Татищева скоро притянули к суду, и он понял: мстят ему, что не поделился барышами с Биреном… Ушакова он спросил напрямки:
– Невдомек мне, и тужуся – в чем вина моя?
– Ах, Никитич, неужто сам своих вин не ведаешь?..
К монетным делам уже подбирался Миних, жадный до всего на свете, и Василий Никитич махнул рукой, стал умолять Ушакова:
– Да на што я вам? На што инквизиция? Коли неугоден стал, так, не мучая, сразу сошлите в Сибирь к делам горным…
– Сибири тебе не миновать, – утешал его Ушаков. – Но погоди, не суетись. Сначала ты нам душу открой: каковы помыслы твои были в году тридцатом, когда кондиции писались и ты крамольно о женском правлении изрекал?
…
Городок сибирский Березов – место гиблое, ссыльное.

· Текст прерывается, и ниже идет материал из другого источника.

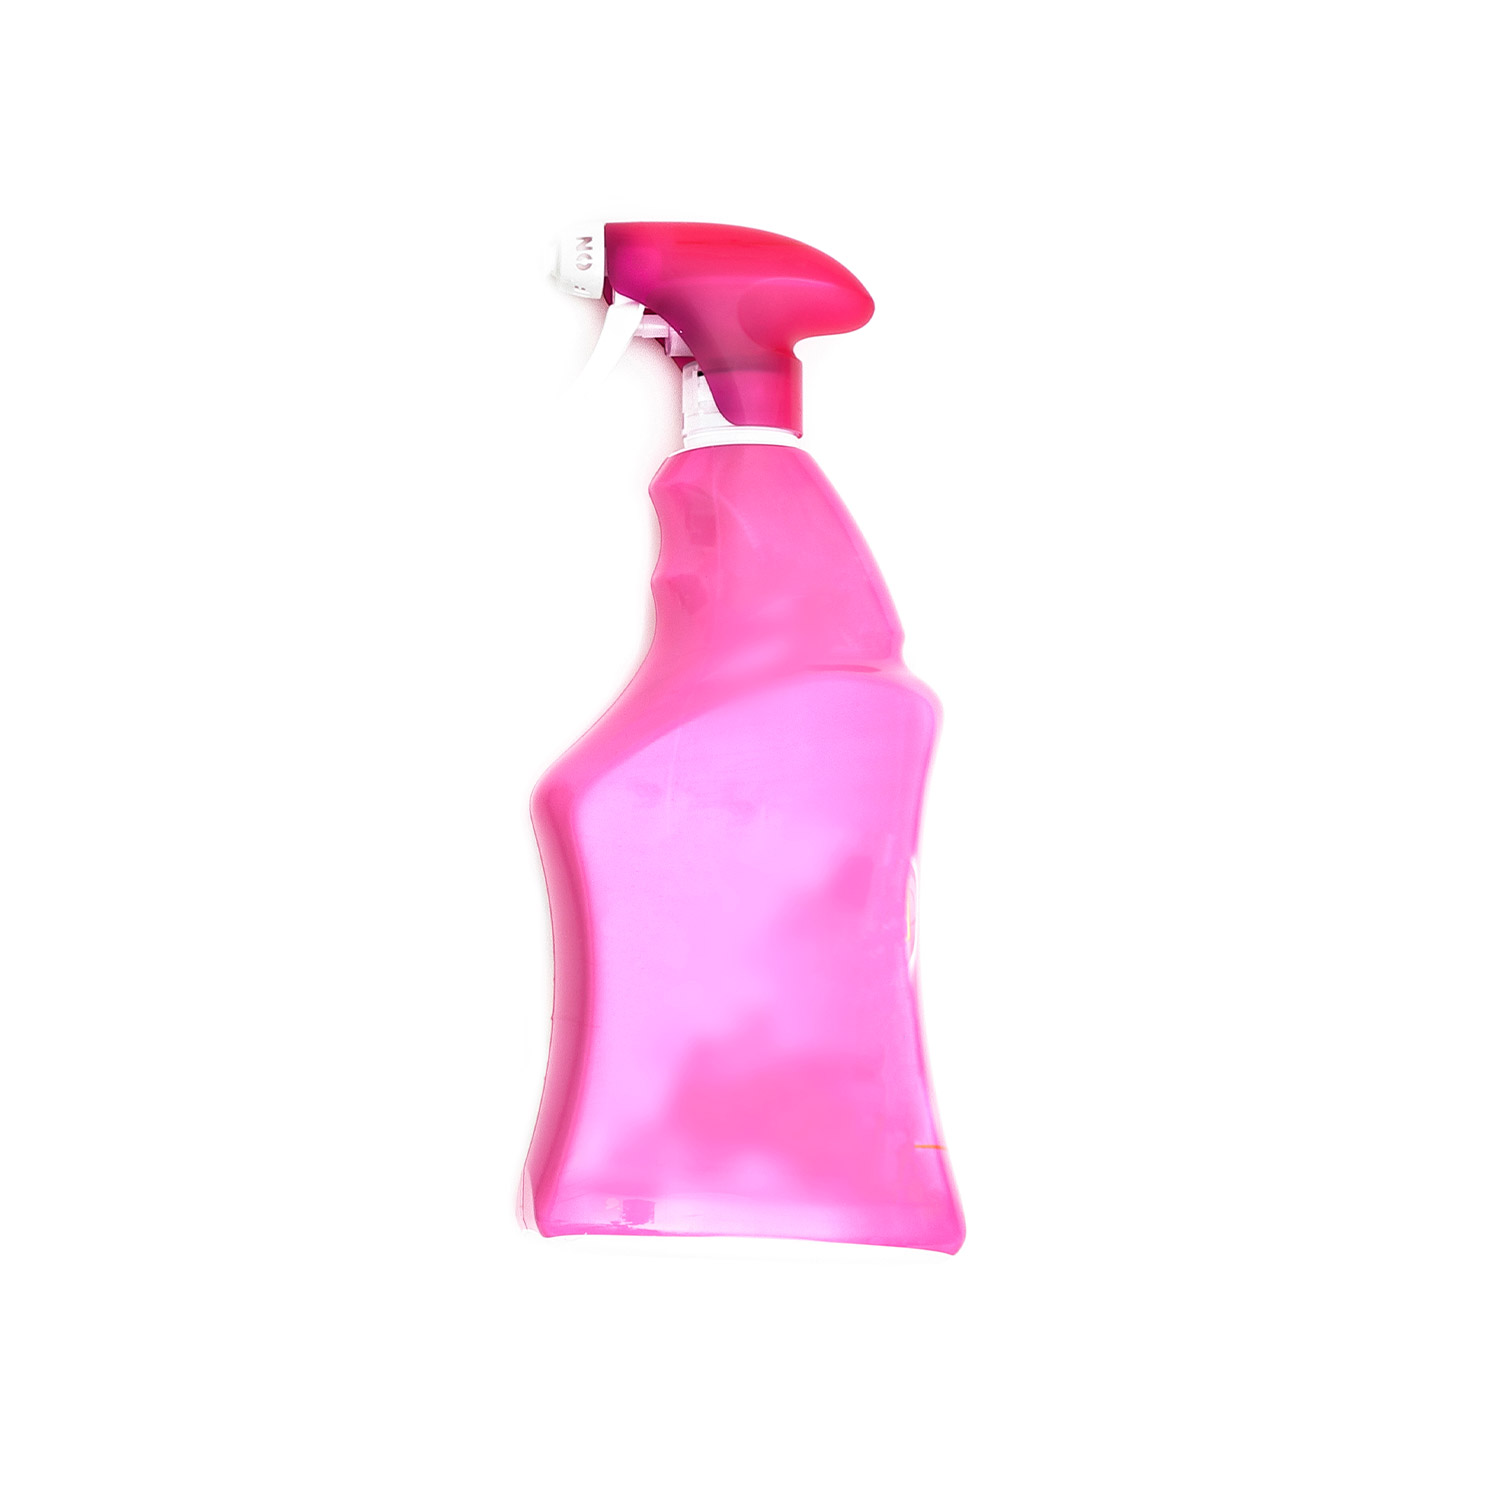 En sprayflaska med stor rosa etikett

Смотрела Наташа в оконце – в кругляк тот самый, что был в стене еще Меншиковым прорублен. Синел вдалеке лесок, пролетали, как в сказке, гуси-лебеди да курились над «чарусами» трясин синие колдовские туманы. Тишина да снег… Горько!
И никто Наташу не любит. Вот свекровь, Прасковья Юрьевна, та – да, жаловала; но она умерла, бедная, как в Березов приехали. А прочие Долгорукие – звери лютые, глаза бы их не видели. Алексей Григорьевич шпыняет, золовки щиплют, князь Иван жену в небрежении держит. «Эх, Иванушко! – думалось. – Душенька твоя слабенькая… Когда ходил по Москве в золоте да парче, когда при царе состоял, так был ты высок и статен! А ныне – грошик цена тебе: пьян с утра до ночи, соплив да слезлив…»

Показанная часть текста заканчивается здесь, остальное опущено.